If you're in sales or marketing you already know how powerful a case study or testimonial really is. They're a key piece of your arsenal that gives your prospect peace of mind that you can deliver on your promise.
Honed from my days of journalism and years of experience in marketing I'm giving you the secret sauce framework I use to create conversion-worthy testimonials.
Psst - this isn't just for my b2b folks. Testimonials following this framework once contributed to a b2c client banking AU$750,000 on the launch of her signature course offering, a 275% increase from the previous year. Buckle in for part 1.
Only ask after providing immense value
Happy customers make good testimonials. Sure, there will be some who are somewhat dissatisfied or unhappy, but it goes without saying, work your butt off to be the most customer-centric business you can be and deliver on your promise.
Only when the customer experiences true value do you then go in for the ask.

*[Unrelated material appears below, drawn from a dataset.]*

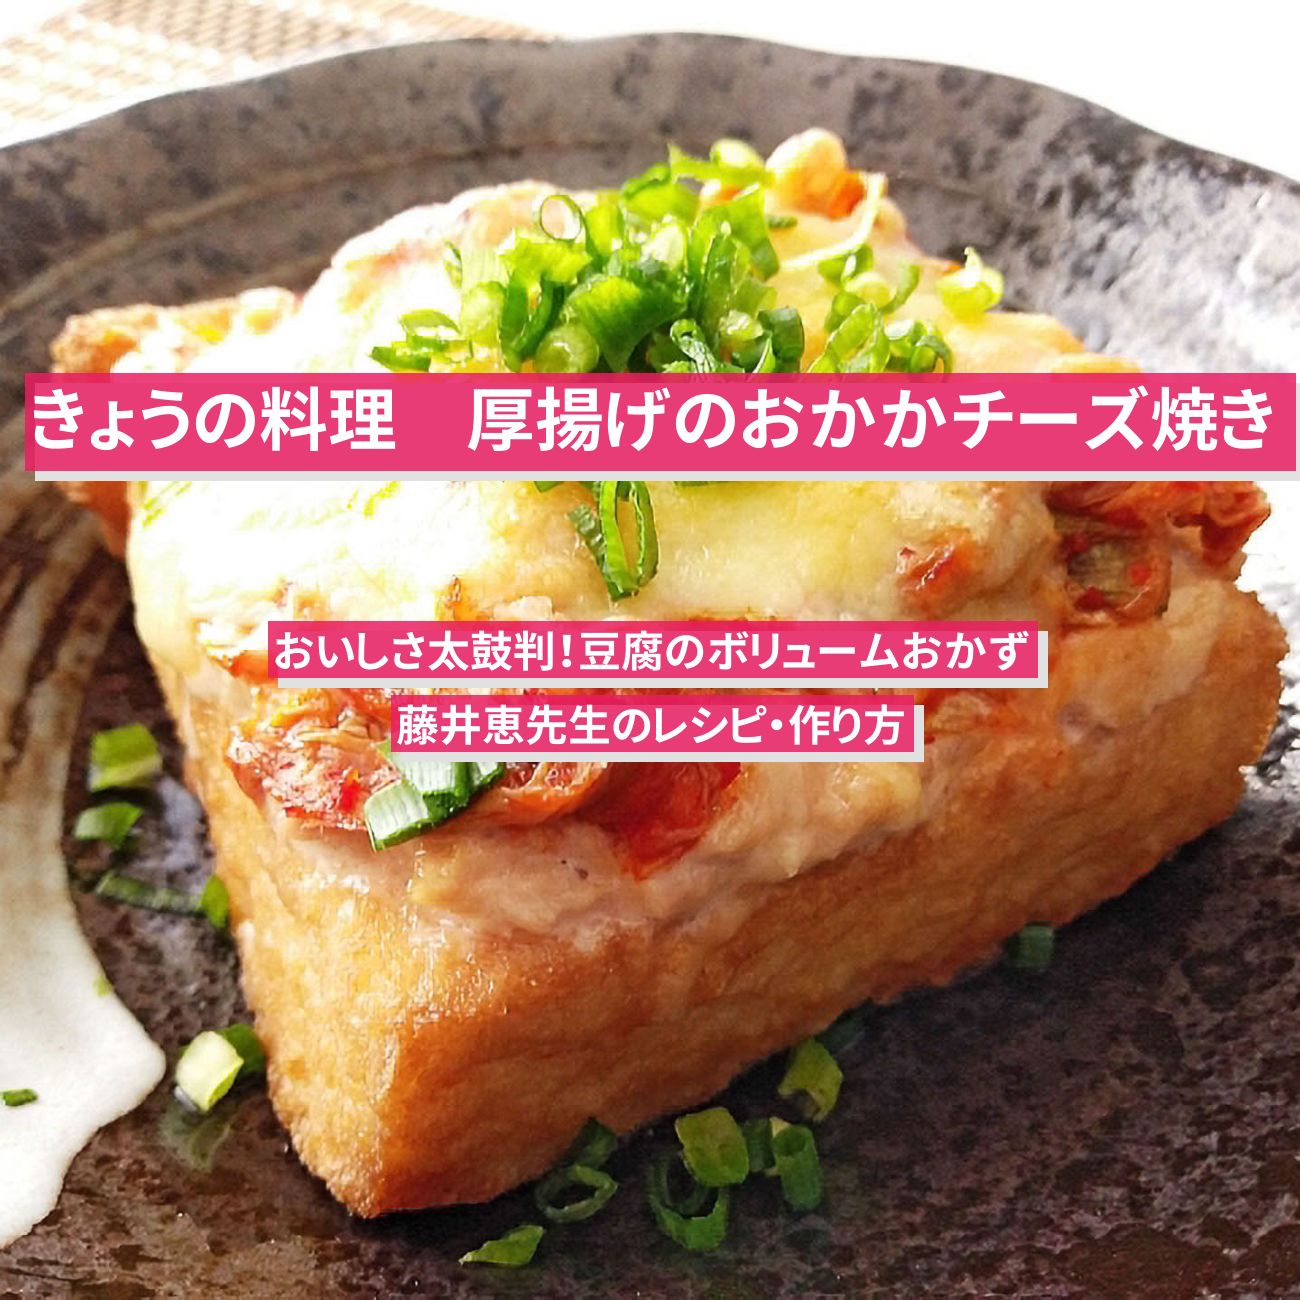 【きょうの料理】『厚揚げのおかかチーズ焼き』藤井恵先生のレシピ・作り方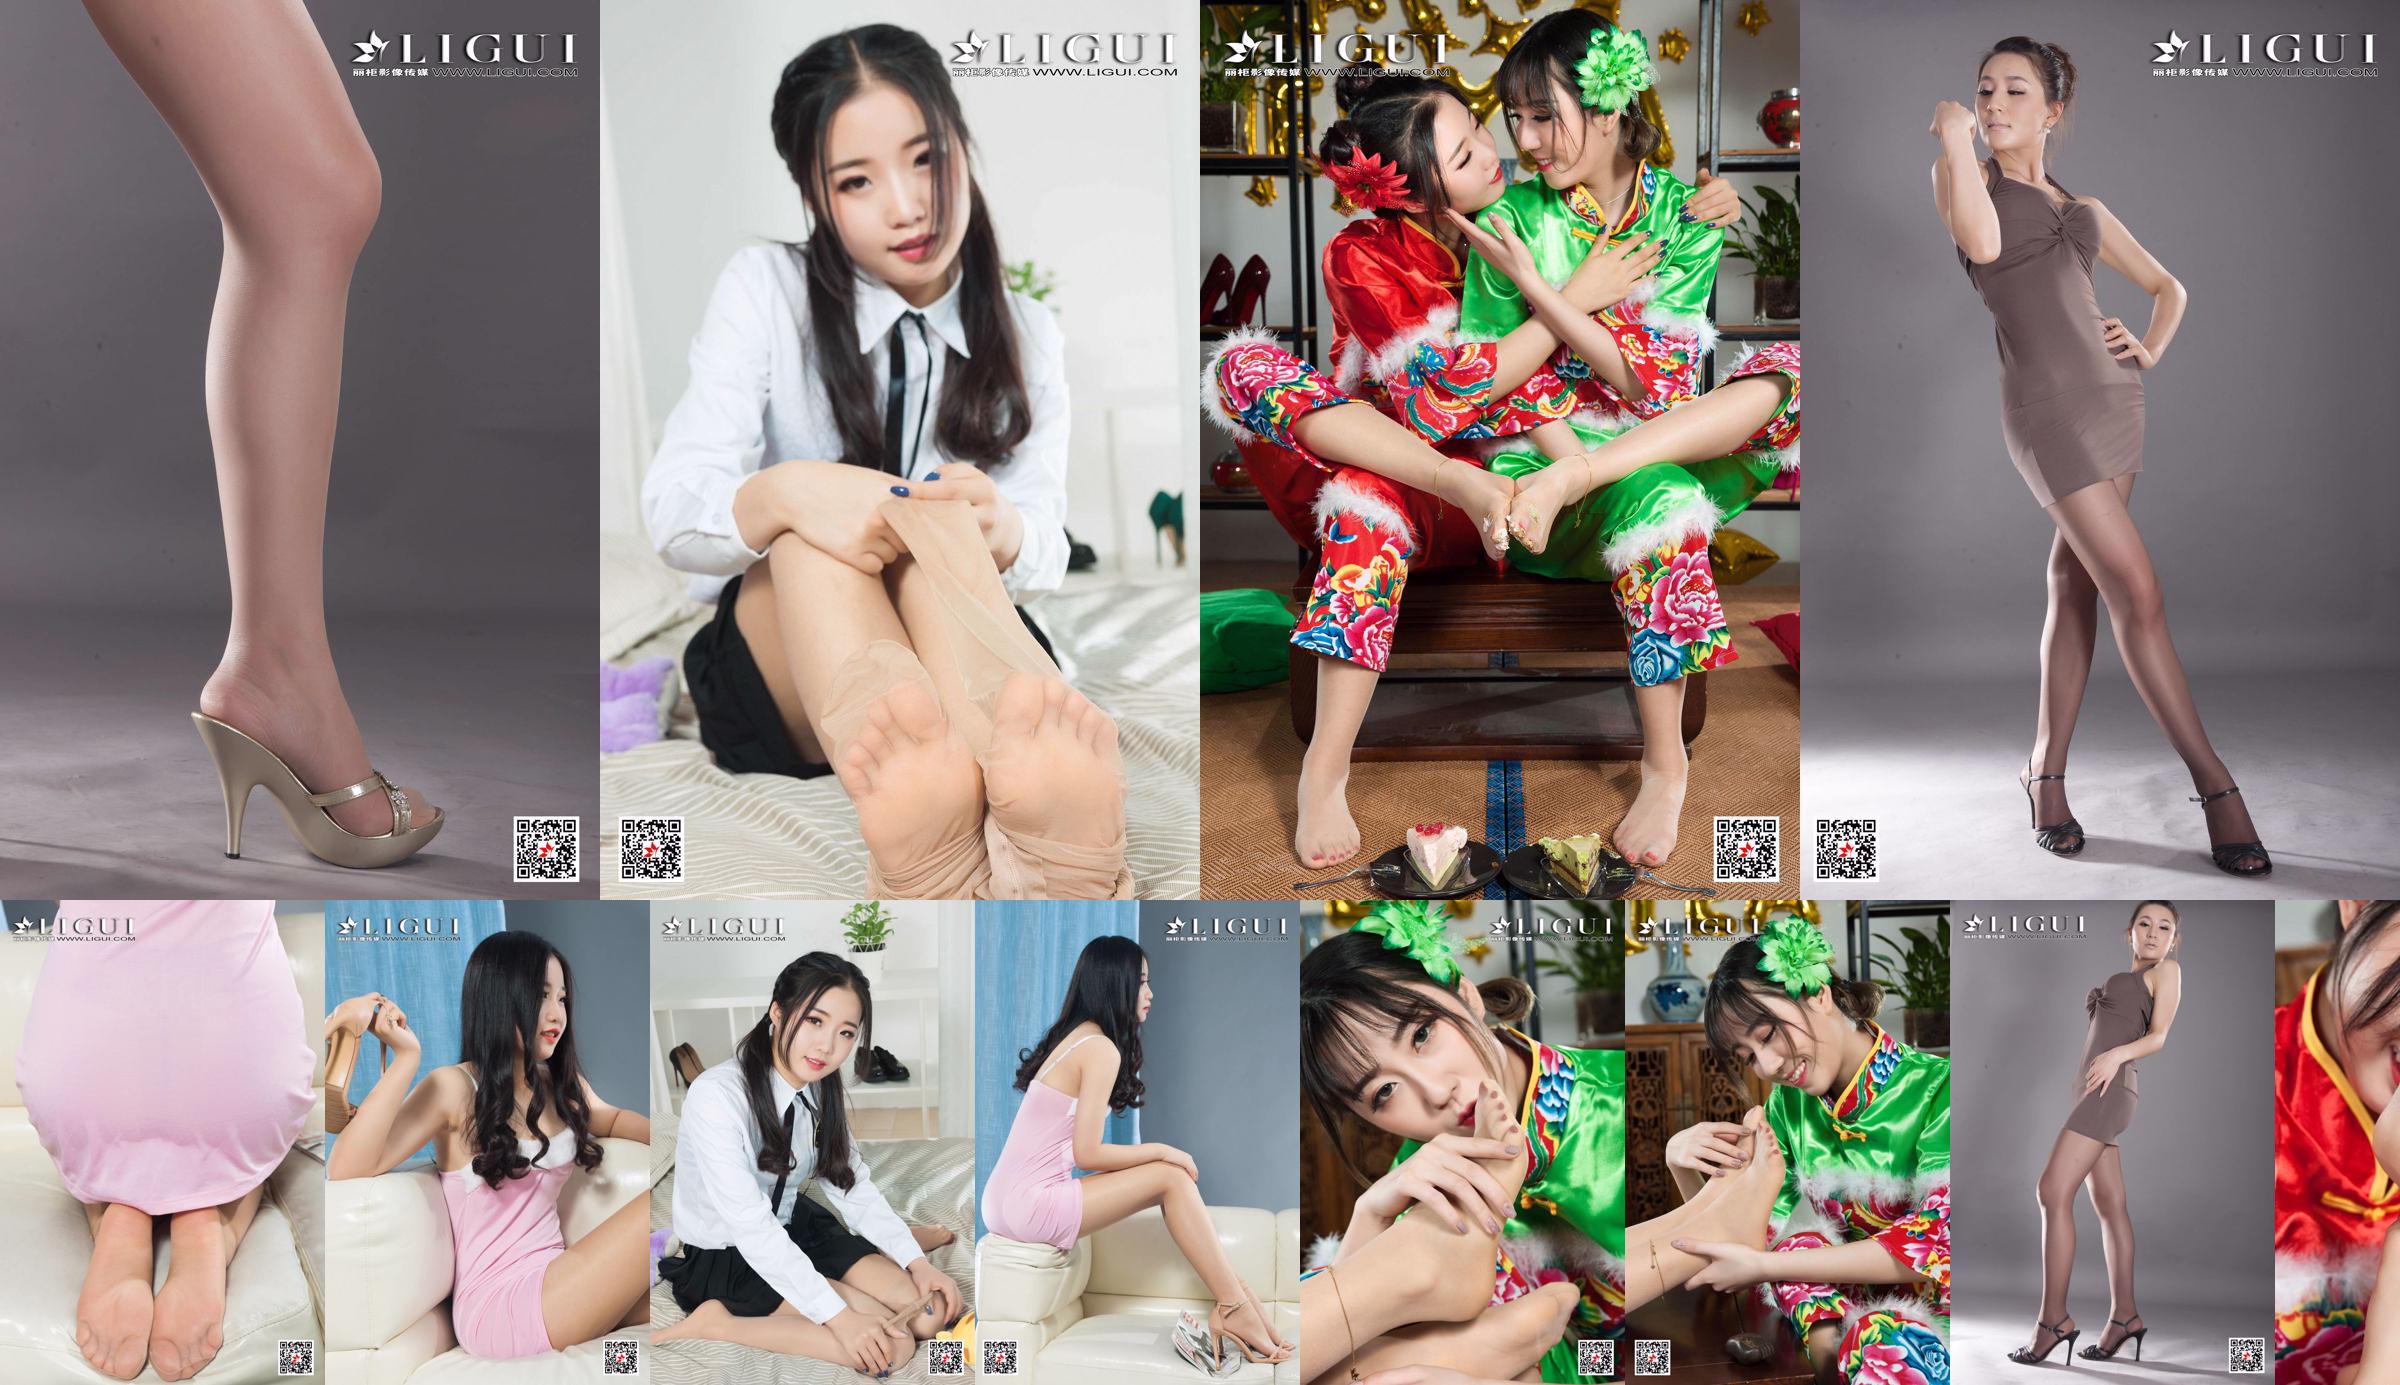 [丽柜Ligui] Model Yuanyuan "Studio Shot Beauty" No.3a7d8f Page 4

Use this framework to create case study that resonates
Your customer's agreed to participate in an interview, fantastic. Now, what the heck do you ask them?
Case studies are key pieces of storytelling in your buyer's journey. Storytelling is what helps people retain and understand information more than the straight facts you memorised for your high school history test.

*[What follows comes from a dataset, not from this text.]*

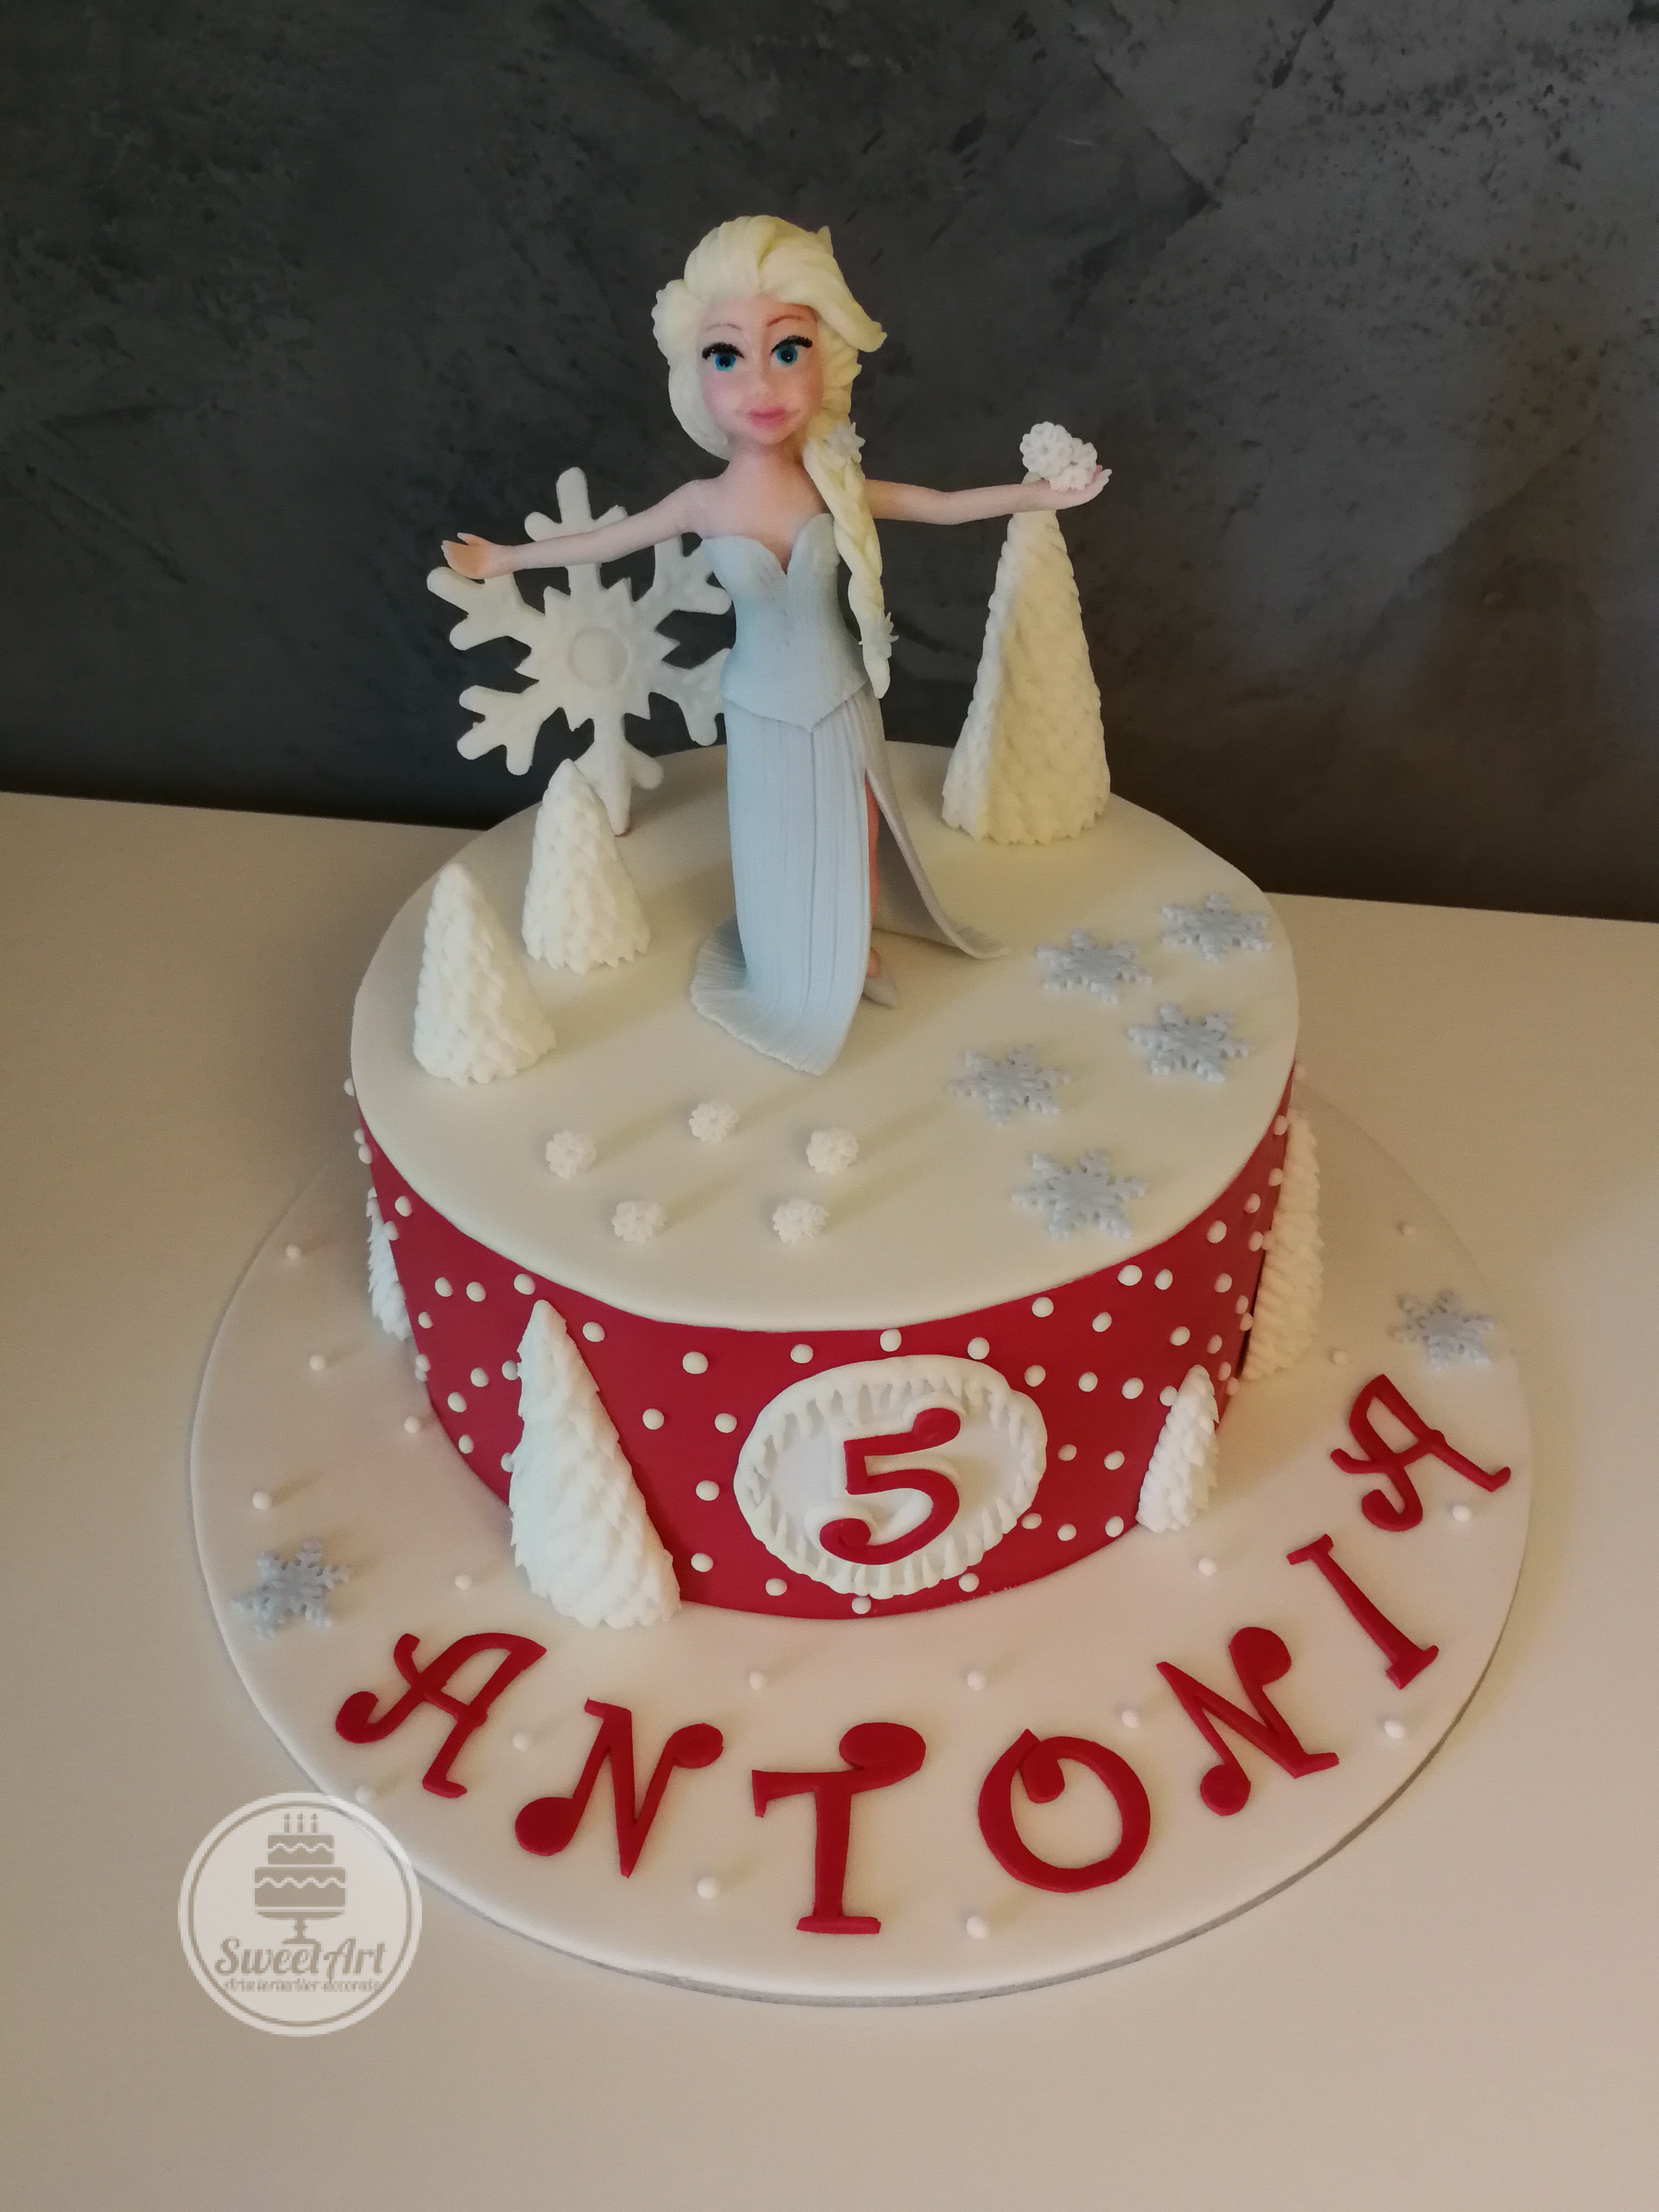 Tort roșu cu Elsa - Regina Gheții - Frozen - Regatul de gheață, brăduți, brazi înzăpeziți, fulgi de nea, fulgi de zăpadă, zăpadă, nea, tort roșu cu alb

Most case studies will tend to follow this structure:
Problem > tipping point > your product/service saves the day/results
The length depends on your business type. Short videos are very effective for some personas and long written testimonials for others.
Here's a quick framework fora quick-ish video testimonial that you can use as a baseline for your own testimonials.
Ask the person to say their name, location and job/place or work, if relevant
- The why: What did you want to achieve, or was the problem that you were facing that led you to (product/service)?
- The what: What would happen if you didn't use or engage (product/service)?
- From the problems and challenges you just mentioned, what impact has our (product/service) had?
- And what results has the product/service helped you achieve? How has this impacted you? What impact has it had on the business?
- Were there any objections to getting our (product/service)? With this question we want to put all the fears in everyone's mind at ease. For example, I almost didn't buy X as it was quite expensive in comparison to other vendors, but after reviewing all the proposals we could see the support provided by X was going to be more beneficial for our team.
- Who would you recommend our (service/product) to and why?
- Is there anything else you think I should know that we haven't talked about today?
This case study storytelling framework will give you a short and impactful video interview. Of course, there's likely going to be tangents and chatter and hopefully, you'll also muster up some incredible questions on your own that will make it unique to your business!